Irresistible Salted Caramel Turtle Cheesecake Recipe to Impress

This Salted Caramel Turtle Cheesecake is a rich and creamy dessert that's easy to make and perfect for any celebration.
Prep Time 20 minutes
Cook Time 1 hour
Cooling Time 4 hours
Total Time 5 hours 20 minutes
Servings: 12 slices
Course: Desserts
Cuisine: American
Calories: 450

Ingredients
  

For the Crust
  • 1 cup Graham Cracker Crumbs or Oreos for a chocolatey twist
  • 5 tablespoons Unsalted Butter melted
For the Cheesecake Filling
  • 24 ounces Cream Cheese room temperature; or vegan cream cheese for dairy-free
  • 1 cup Granulated Sugar or coconut sugar for a healthier option
  • 3 large Eggs room temperature
  • 1 teaspoon Vanilla Extract
For the Salted Caramel Sauce
  • 1 cup Heavy Cream or coconut cream for non-dairy
  • 1 cup Brown Sugar packed tightly
  • 1 teaspoon Salt flaky sea salt for sprinkling
For Toppings
  • 1 cup Chopped Pecans or walnuts
  • 4 ounces Semi-Sweet Chocolate for drizzling

Equipment

  • 9-inch springform pan
  • mixing bowl
  • electric mixer
  • saucepan
  • Spatula

Method
 

Crust Preparation
  1. Combine graham cracker crumbs and melted unsalted butter in a mixing bowl until it resembles wet sand. Press into the bottom of a 9-inch springform pan.
  2. Bake at 350°F (175°C) for 8-10 minutes until golden. Cool.
Cheesecake Filling
  1. Beat room temperature cream cheese with an electric mixer until smooth. Gradually add granulated sugar.
  2. Add eggs one at a time. Mix until silky.
  3. Mix in vanilla extract and pour over the cooled crust. Bake at 325°F (160°C) for 45-50 minutes until edges set.
  4. Cool in the oven with the door cracked for 1 hour, then refrigerate for at least 4 hours.
Salted Caramel Sauce
  1. Melt brown sugar in a saucepan over medium heat until amber.
  2. Carefully add heavy cream and stir in salt.

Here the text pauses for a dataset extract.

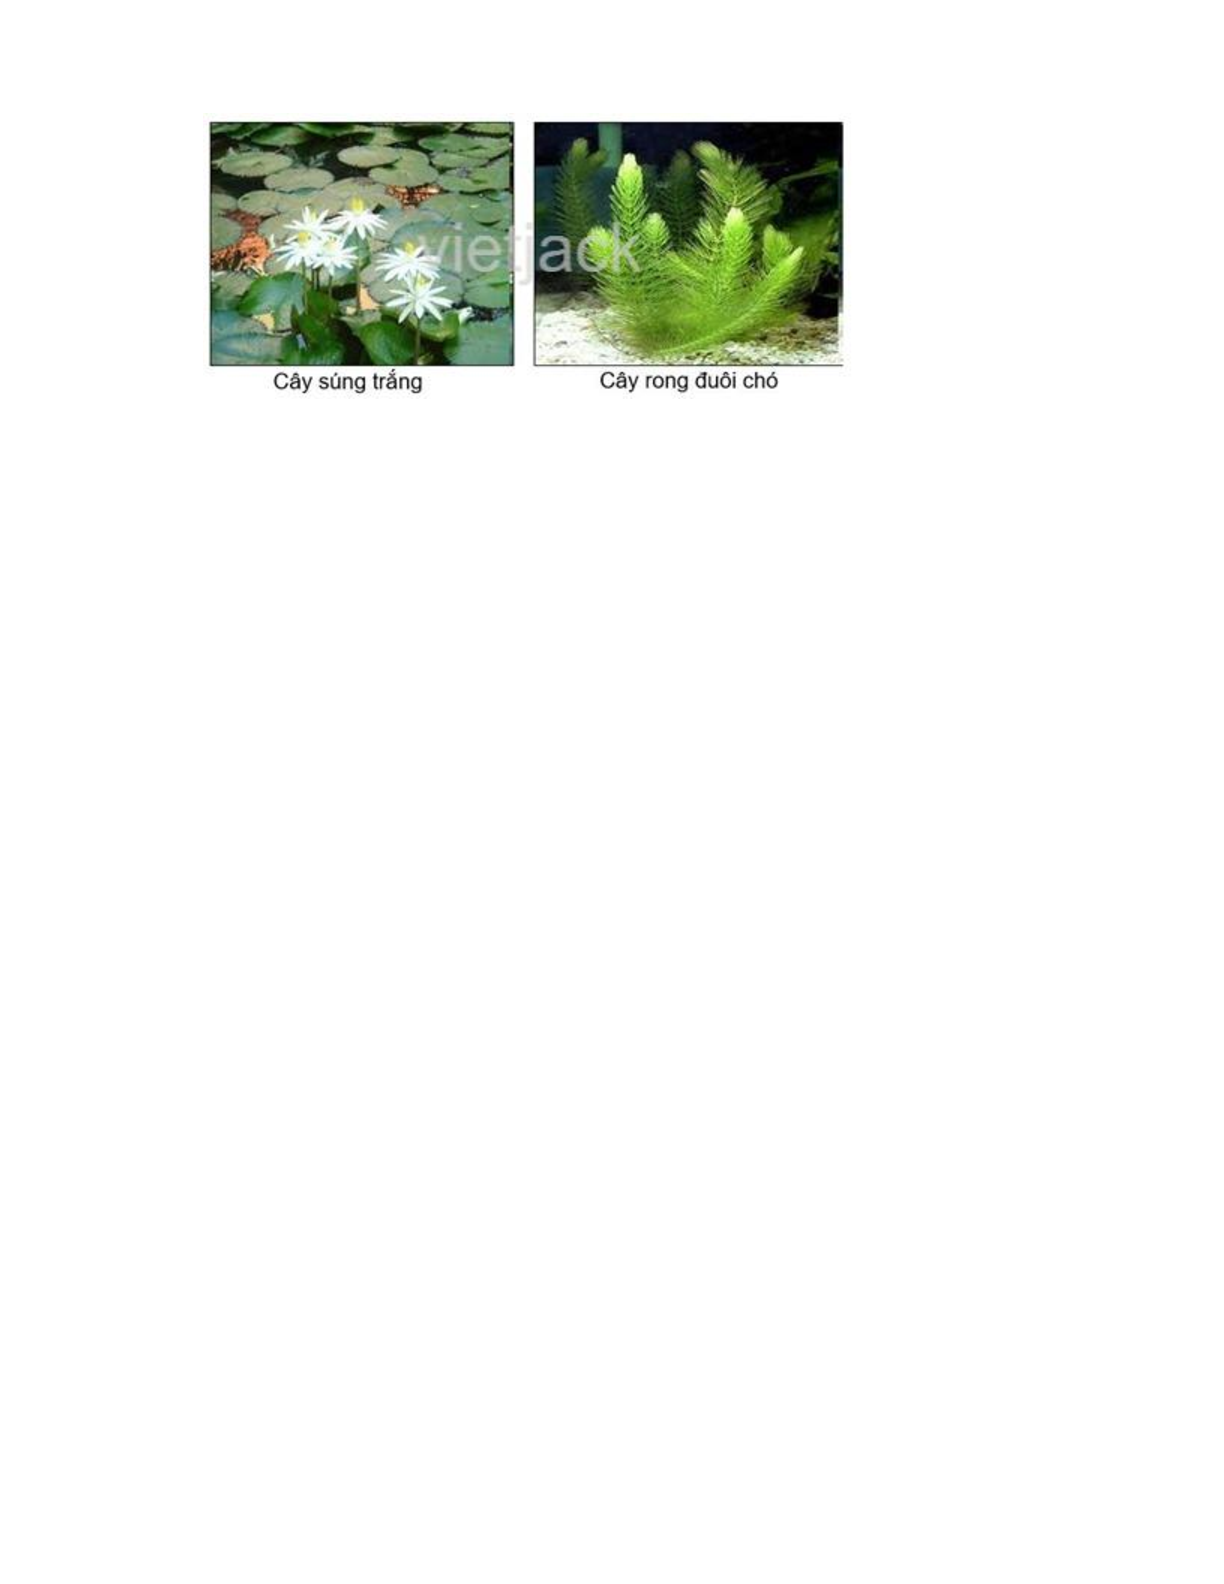 Giải SGK Tự nhiên và Xã hội lớp 2 trang 58, 59, 60, 61 Bài 14: Thực vật sống ở đâu – Chân trời sáng tạo (trang 6)

Let cool slightly.
Assembling the Cheesecake
  1. Remove cheescake from springform pan. Swirl half of the salted caramel into the cheesecake.
  2. Sprinkle chopped pecans over the top and return to the refrigerator for 30 minutes.
Final Touches
  1. Melt semi-sweet chocolate and drizzle over the cheesecake.
  2. Sprinkle with flaky sea salt and slice for serving.

Nutrition

Serving: 1sliceCalories: 450kcalCarbohydrates: 30gProtein: 6gFat: 34gSaturated Fat: 20gPolyunsaturated Fat: 2gMonounsaturated Fat: 10gCholesterol: 105mgSodium: 300mgPotassium: 180mgFiber: 1gSugar: 25gVitamin A: 800IUCalcium: 60mgIron: 1mg

Notes

Allow ingredients like cream cheese and eggs to reach room temperature for best mixing results. Use a hot knife for slicing.